*Description of the task*.
Lines from the beginning of the data below through the one containing "ICONS CINZIA ROCCA" are to be printed exactly as they appear.

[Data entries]

# # # #

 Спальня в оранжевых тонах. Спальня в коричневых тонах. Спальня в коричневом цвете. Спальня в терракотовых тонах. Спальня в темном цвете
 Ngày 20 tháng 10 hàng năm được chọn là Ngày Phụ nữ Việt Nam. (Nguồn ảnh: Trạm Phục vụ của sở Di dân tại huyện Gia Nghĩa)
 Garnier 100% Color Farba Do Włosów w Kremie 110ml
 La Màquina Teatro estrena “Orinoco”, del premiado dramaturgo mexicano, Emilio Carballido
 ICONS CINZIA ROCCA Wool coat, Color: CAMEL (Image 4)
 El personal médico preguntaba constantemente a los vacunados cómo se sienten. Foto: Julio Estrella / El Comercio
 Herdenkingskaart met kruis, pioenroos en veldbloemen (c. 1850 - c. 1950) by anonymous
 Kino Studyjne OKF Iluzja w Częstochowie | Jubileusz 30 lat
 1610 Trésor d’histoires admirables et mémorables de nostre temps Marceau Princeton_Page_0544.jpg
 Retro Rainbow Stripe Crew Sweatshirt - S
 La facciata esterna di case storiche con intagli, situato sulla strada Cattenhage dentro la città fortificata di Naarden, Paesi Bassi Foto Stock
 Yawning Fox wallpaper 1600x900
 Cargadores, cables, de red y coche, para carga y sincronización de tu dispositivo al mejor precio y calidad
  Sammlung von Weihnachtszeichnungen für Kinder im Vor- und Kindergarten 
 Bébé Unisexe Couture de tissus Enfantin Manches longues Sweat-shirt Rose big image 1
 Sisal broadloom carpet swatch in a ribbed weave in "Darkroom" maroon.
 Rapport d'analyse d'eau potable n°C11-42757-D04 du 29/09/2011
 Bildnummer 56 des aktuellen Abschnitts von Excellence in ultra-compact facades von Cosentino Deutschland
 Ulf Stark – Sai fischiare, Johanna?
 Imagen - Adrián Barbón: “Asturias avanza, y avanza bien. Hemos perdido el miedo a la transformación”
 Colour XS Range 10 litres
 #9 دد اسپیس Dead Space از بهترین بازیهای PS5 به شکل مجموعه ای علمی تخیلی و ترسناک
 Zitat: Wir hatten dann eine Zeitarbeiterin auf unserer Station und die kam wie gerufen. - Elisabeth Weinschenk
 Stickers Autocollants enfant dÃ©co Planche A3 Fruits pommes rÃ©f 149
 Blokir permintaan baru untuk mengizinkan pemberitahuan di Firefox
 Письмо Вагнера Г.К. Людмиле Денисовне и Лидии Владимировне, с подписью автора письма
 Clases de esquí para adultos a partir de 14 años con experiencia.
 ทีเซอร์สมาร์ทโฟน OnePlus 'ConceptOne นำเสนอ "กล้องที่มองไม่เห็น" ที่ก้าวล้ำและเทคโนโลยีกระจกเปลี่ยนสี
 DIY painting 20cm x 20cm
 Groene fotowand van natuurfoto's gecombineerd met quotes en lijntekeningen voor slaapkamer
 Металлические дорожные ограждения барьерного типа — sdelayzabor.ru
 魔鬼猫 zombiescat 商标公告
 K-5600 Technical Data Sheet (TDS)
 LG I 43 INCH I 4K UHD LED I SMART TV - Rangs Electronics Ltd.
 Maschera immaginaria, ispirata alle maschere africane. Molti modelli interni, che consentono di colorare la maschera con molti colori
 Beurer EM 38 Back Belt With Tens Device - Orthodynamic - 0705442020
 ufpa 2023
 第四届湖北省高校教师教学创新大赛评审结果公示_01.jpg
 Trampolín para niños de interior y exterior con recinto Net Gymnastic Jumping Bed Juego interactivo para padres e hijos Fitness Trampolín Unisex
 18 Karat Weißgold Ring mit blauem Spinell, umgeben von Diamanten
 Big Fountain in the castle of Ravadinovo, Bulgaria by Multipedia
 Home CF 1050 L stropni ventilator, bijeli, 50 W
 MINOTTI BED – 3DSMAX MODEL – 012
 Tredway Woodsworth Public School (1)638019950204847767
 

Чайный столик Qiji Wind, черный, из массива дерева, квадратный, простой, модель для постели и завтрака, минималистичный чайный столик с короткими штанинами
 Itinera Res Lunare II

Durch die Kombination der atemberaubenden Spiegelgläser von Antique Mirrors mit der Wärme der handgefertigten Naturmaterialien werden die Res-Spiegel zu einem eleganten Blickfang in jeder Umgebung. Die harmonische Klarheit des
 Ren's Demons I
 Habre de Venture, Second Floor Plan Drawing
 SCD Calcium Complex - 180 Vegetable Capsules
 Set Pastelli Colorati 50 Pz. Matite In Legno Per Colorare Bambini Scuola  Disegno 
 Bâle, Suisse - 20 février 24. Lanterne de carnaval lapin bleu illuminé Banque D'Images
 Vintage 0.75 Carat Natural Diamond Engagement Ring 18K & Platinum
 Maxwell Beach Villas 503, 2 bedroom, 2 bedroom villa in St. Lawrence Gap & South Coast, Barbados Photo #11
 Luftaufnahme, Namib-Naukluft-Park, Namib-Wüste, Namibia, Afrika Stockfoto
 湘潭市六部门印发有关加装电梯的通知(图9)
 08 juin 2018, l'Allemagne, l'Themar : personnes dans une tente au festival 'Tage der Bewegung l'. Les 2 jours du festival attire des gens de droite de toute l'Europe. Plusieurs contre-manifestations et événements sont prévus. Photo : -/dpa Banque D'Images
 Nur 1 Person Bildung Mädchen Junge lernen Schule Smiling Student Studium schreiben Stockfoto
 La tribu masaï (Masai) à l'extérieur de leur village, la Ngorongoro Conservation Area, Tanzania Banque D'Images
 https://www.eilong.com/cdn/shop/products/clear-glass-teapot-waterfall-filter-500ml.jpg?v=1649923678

# # # #

*Answer to the problem*.
 Спальня в оранжевых тонах. Спальня в коричневых тонах. Спальня в коричневом цвете. Спальня в терракотовых тонах. Спальня в темном цвете
 Ngày 20 tháng 10 hàng năm được chọn là Ngày Phụ nữ Việt Nam. (Nguồn ảnh: Trạm Phục vụ của sở Di dân tại huyện Gia Nghĩa)
 Garnier 100% Color Farba Do Włosów w Kremie 110ml
 La Màquina Teatro estrena “Orinoco”, del premiado dramaturgo mexicano, Emilio Carballido
 ICONS CINZIA ROCCA Wool coat, Color: CAMEL (Image 4)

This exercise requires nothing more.